# Jui Jitzu



## Clint Strickland (Dec 15, 2005)

Hey all,

                   I signed up yesterday so... Hello guys.
          Can someone pleas tell me the exercises for jui jitzu. I would realy appreciate you post to help me. Thank you.

                  Clint Strickland


----------



## Navarre (Dec 15, 2005)

Hi, Clint! Welcome to Martial Talk!

You should post in the Meet and Greet forum and give us an official hi. We'd all like to welcome new members.

Do you have any training in ju-jitsu? What are your goals for your training?

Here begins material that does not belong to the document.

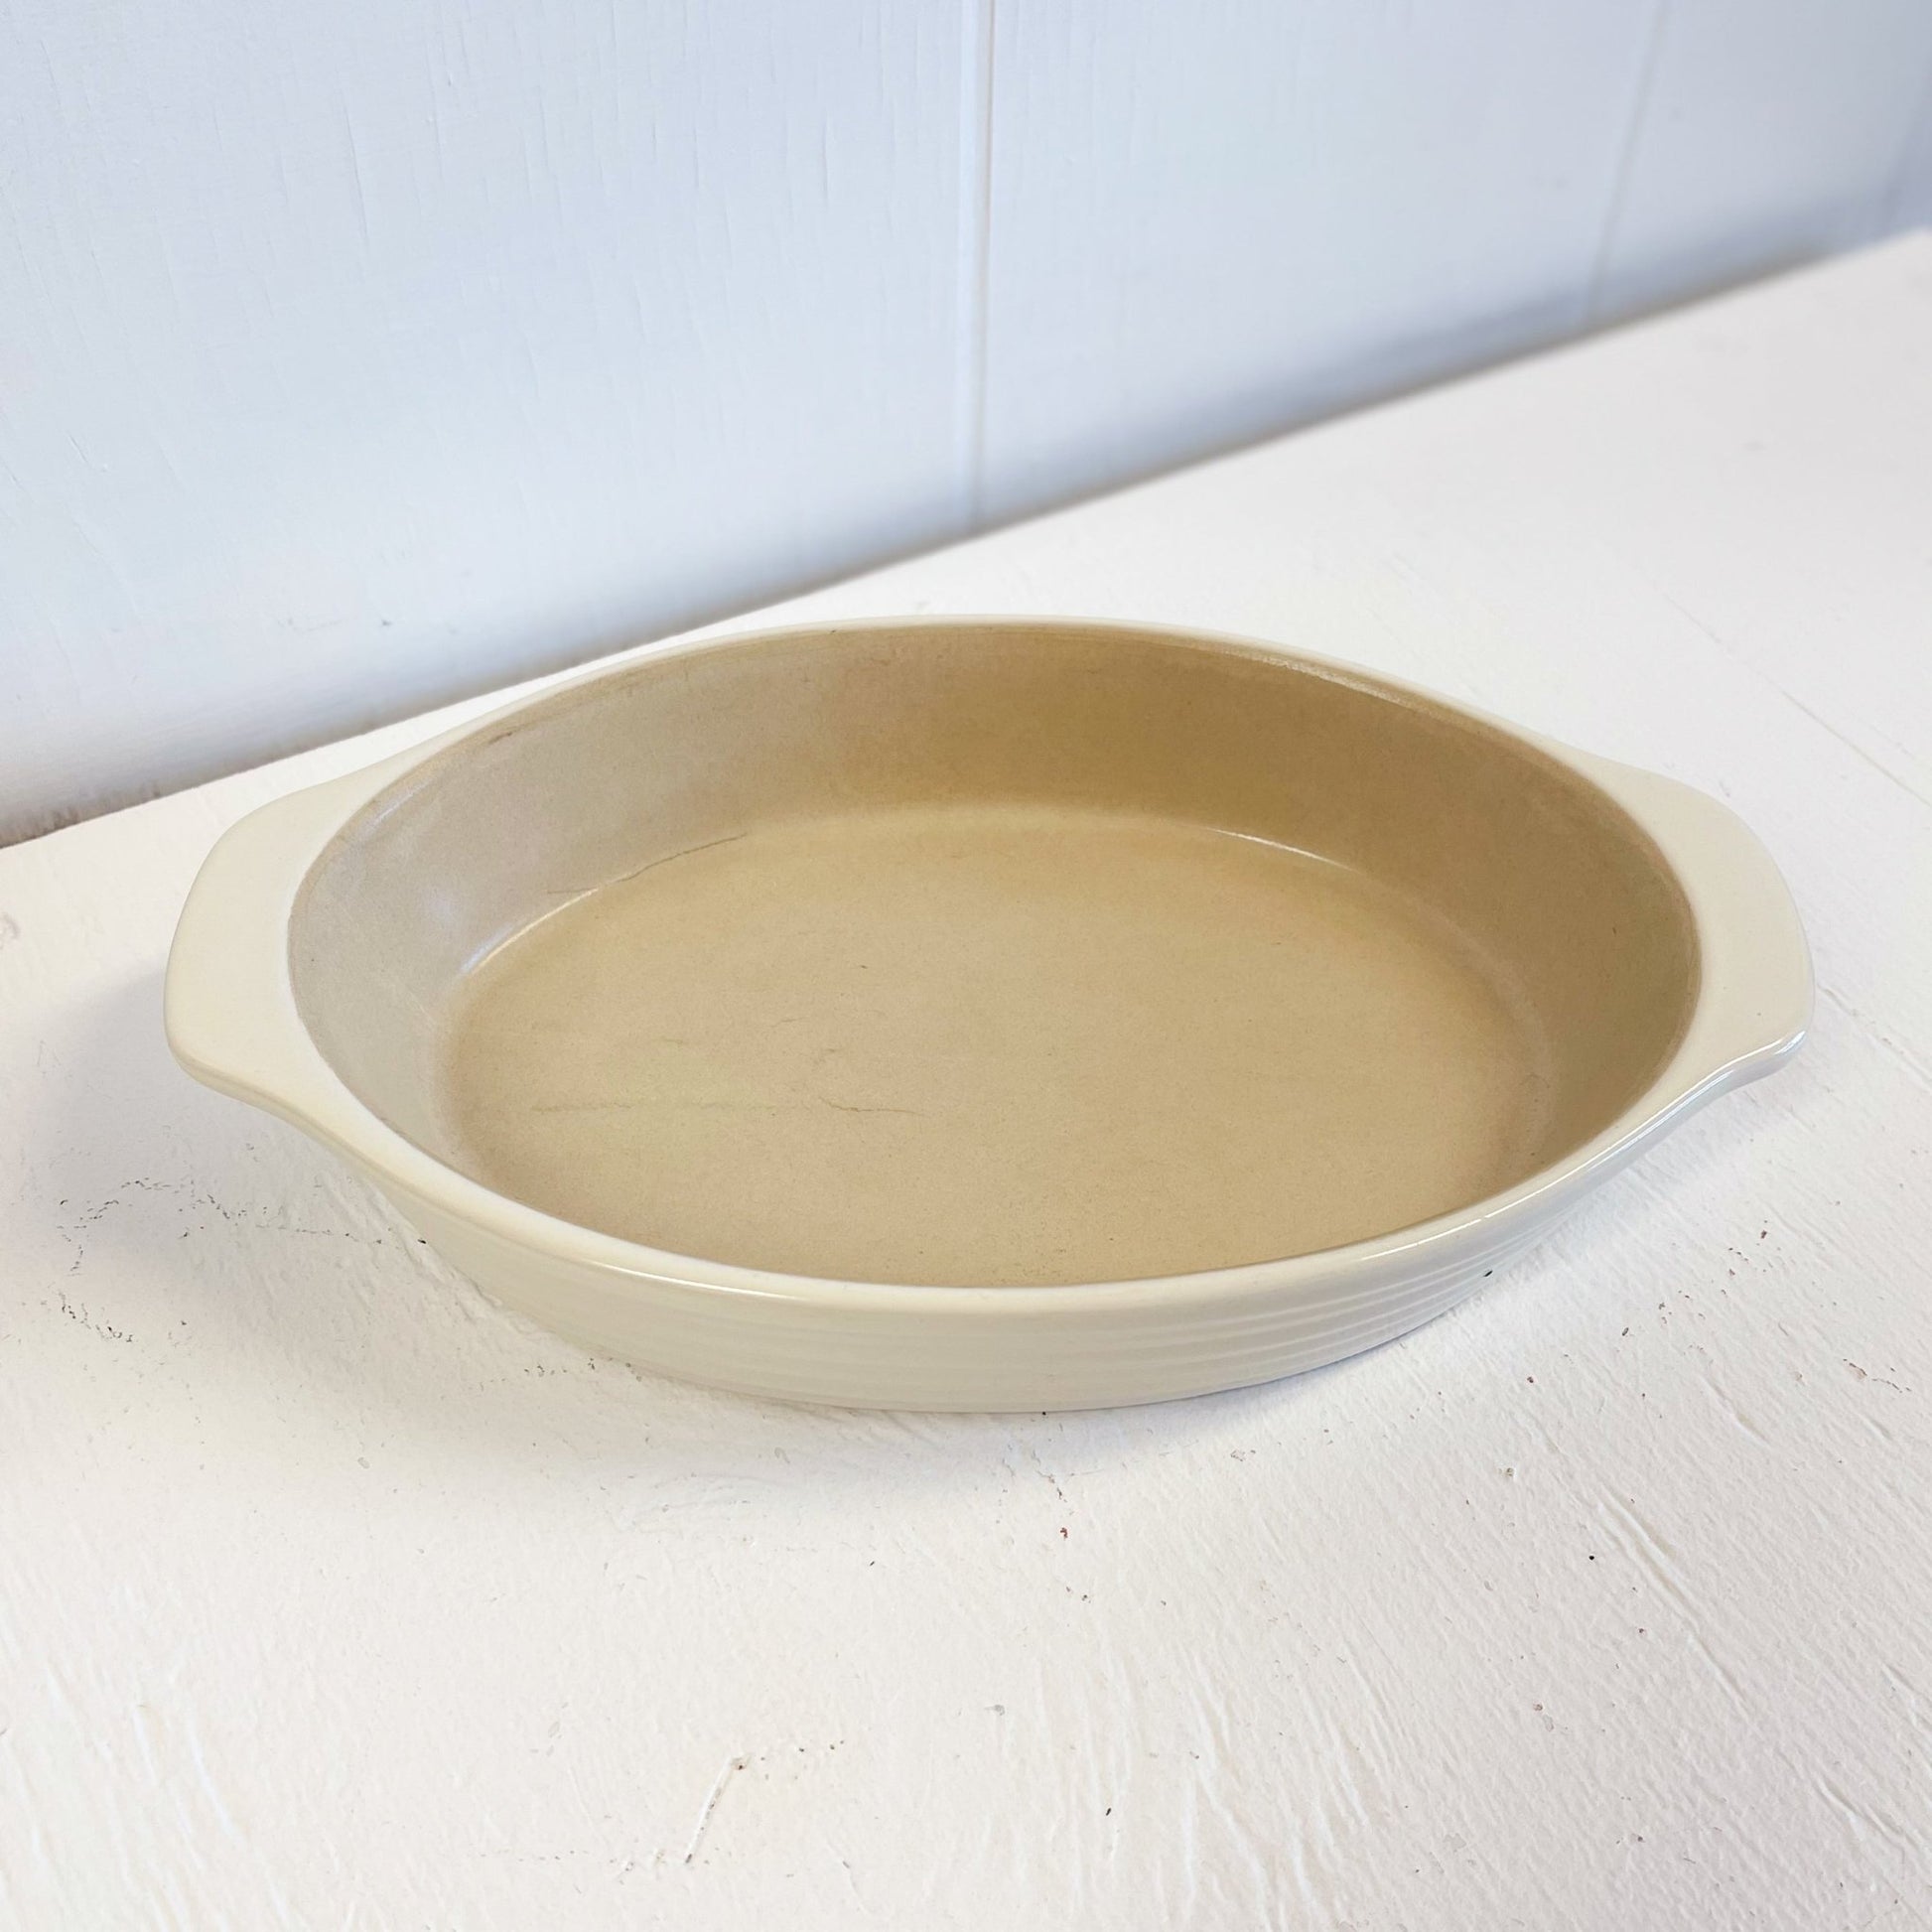 Stoneware Casserole Dish by The Pampered Chef-The Pampered Chef-Casserole Dish-Stockton Farm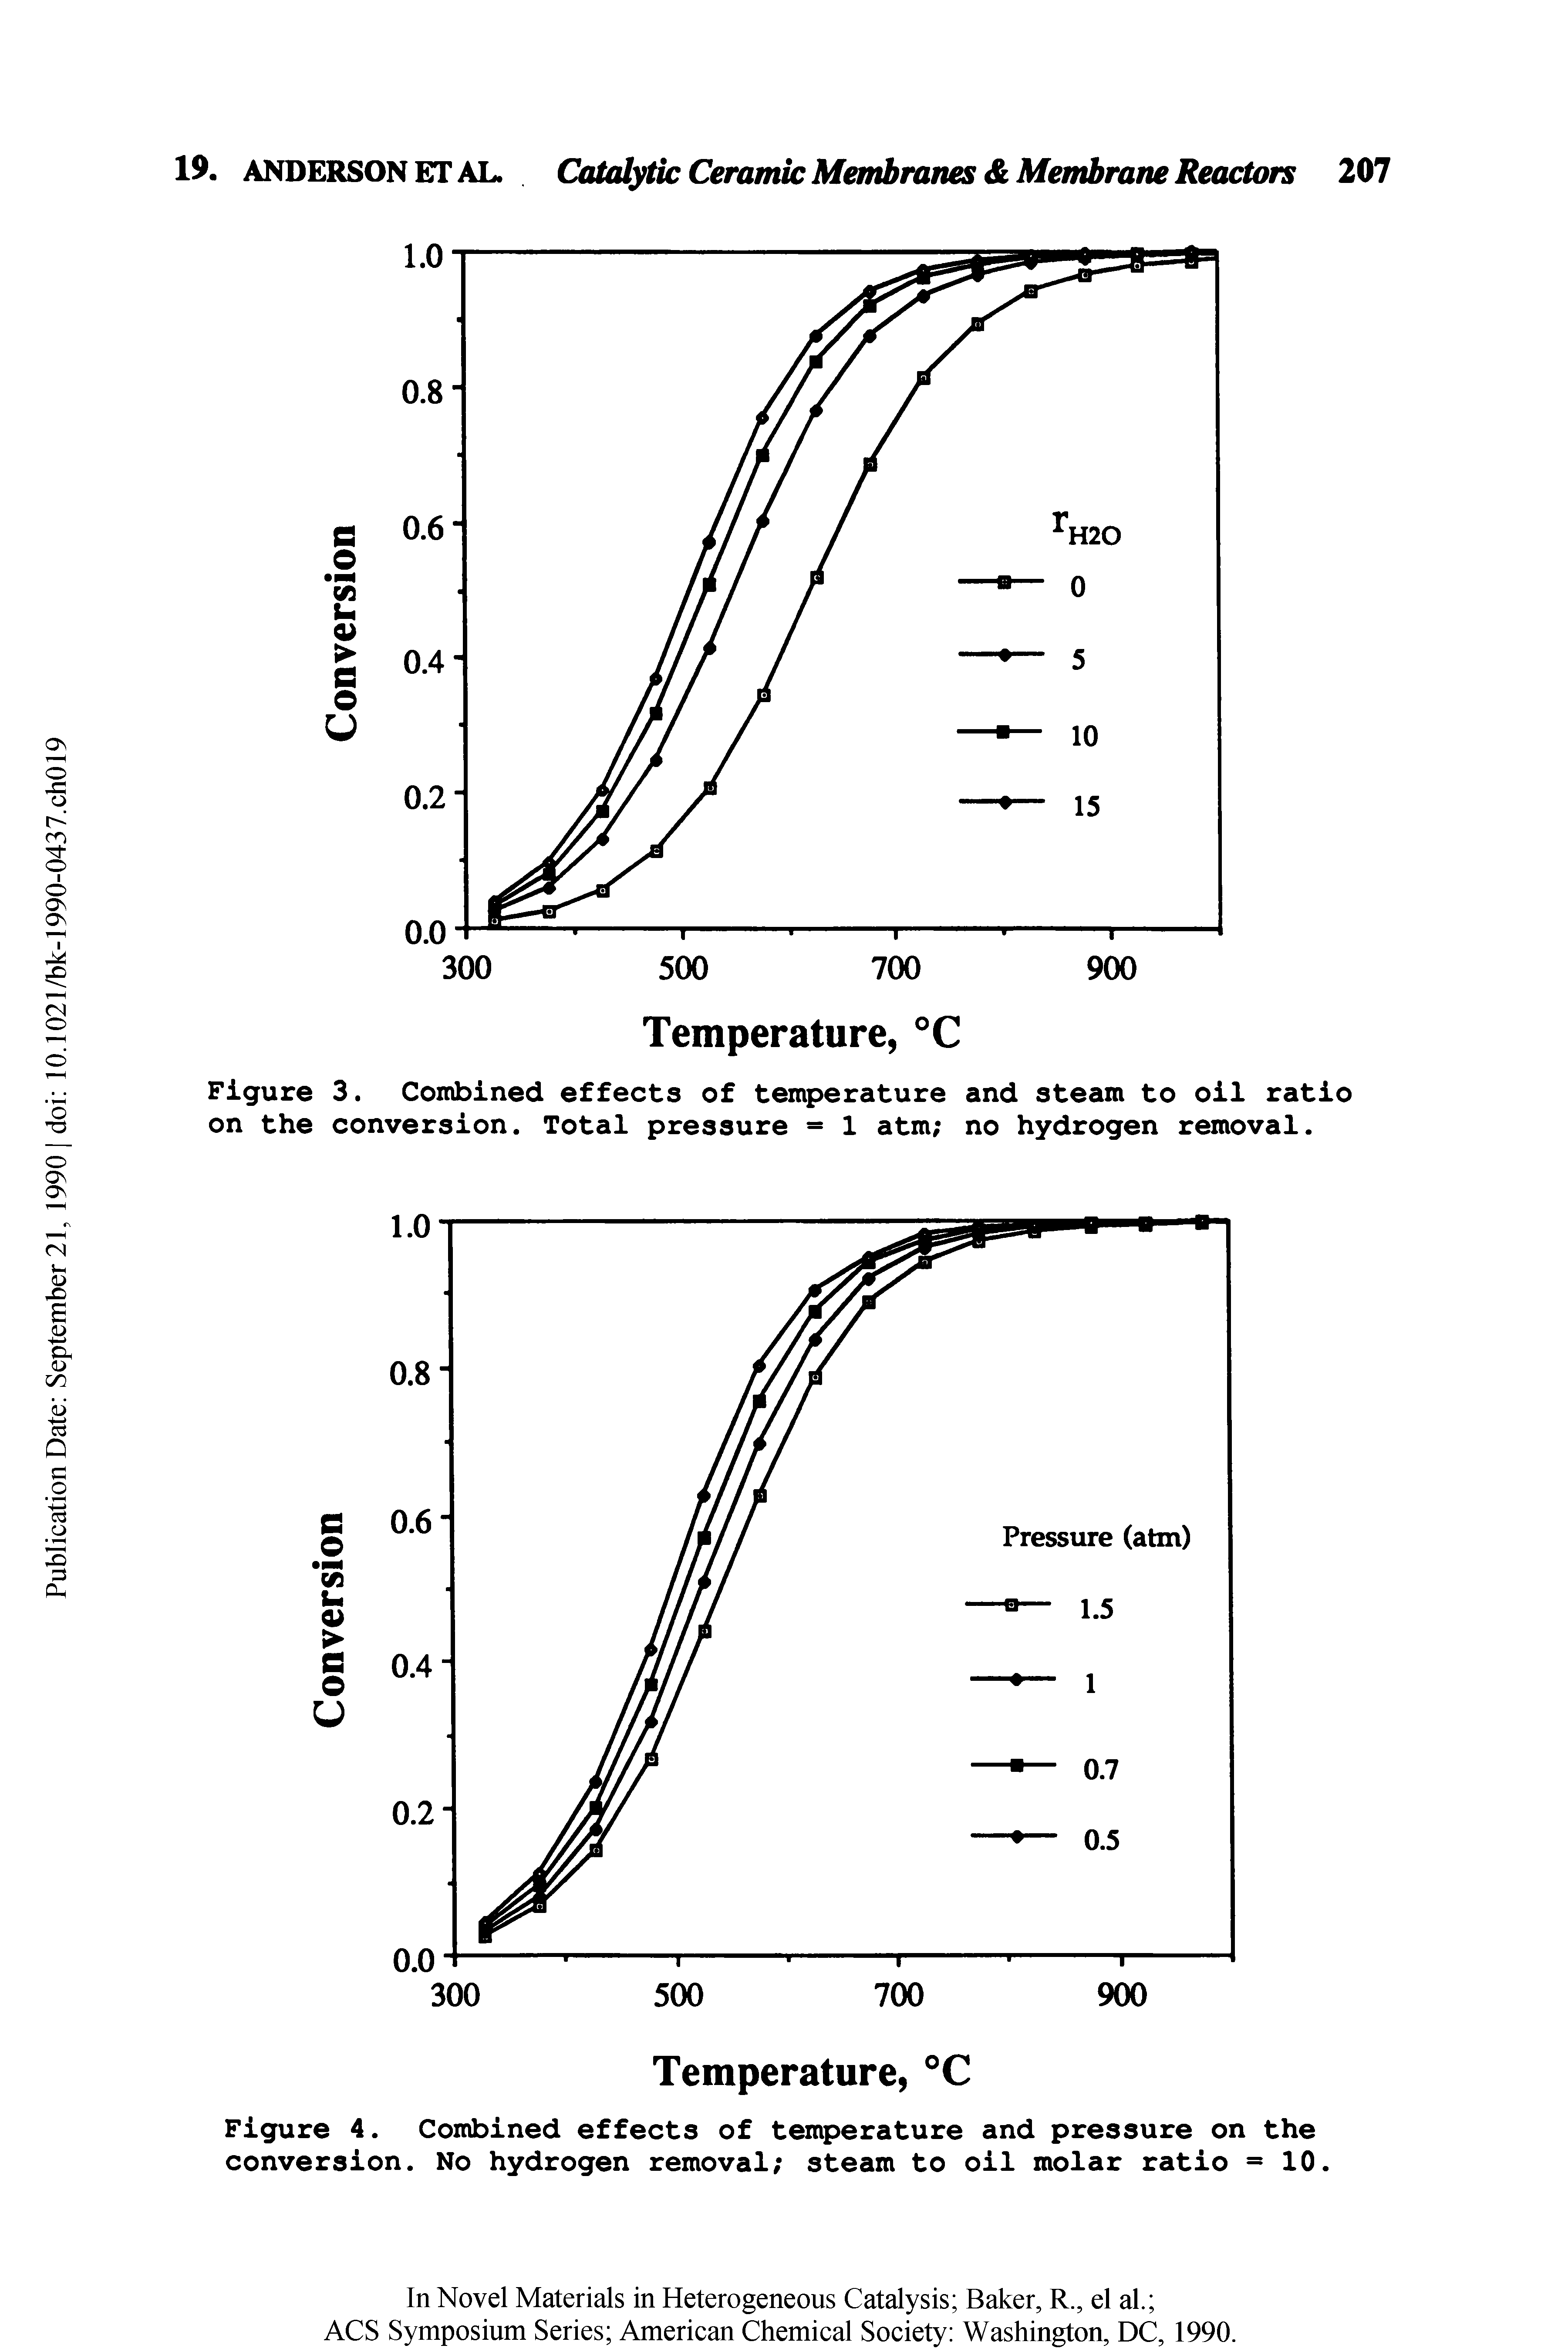 Figure 3. Combined effects of temperature and steam to oil ratio on the conversion. Total pressure = 1 atm no hydrogen removal.

Most importantly, do you have any good schools in this art in your area?


----------



## Andrew Green (Dec 15, 2005)

Hi, and welcome to the site.

Not sure exactly what you mean by "exercises for jui jitzu" can you be a little more specific?  It might also help to mention which style of Jujitsu you are taking.


----------



## Clint Strickland (Dec 15, 2005)

Well i'm not sure of the particular style, and no theres no school where i live that teaches it. also the type is from somewhere in south america, i had originaly seen this type of jitzu on a video game and saw it later on, on a television show. thanks navarre for telling me where to start.


----------



## bignick (Dec 15, 2005)

Do a search on brazilian jiujitsu? or BJJ on this site and you should turn up quite a bit


----------



## Andrew Green (Dec 15, 2005)

Brazillian?


----------



## arnisador (Dec 15, 2005)

Welcome! Can you rephrase your question on jujutsu? You probably mean jiu-jitsu brasileiro, or Brazilian JKiu-Jitsu (BJJ). See the Grappling forum here.


----------



## Clint Strickland (Dec 15, 2005)

Yeah thats the one thanks!!!


----------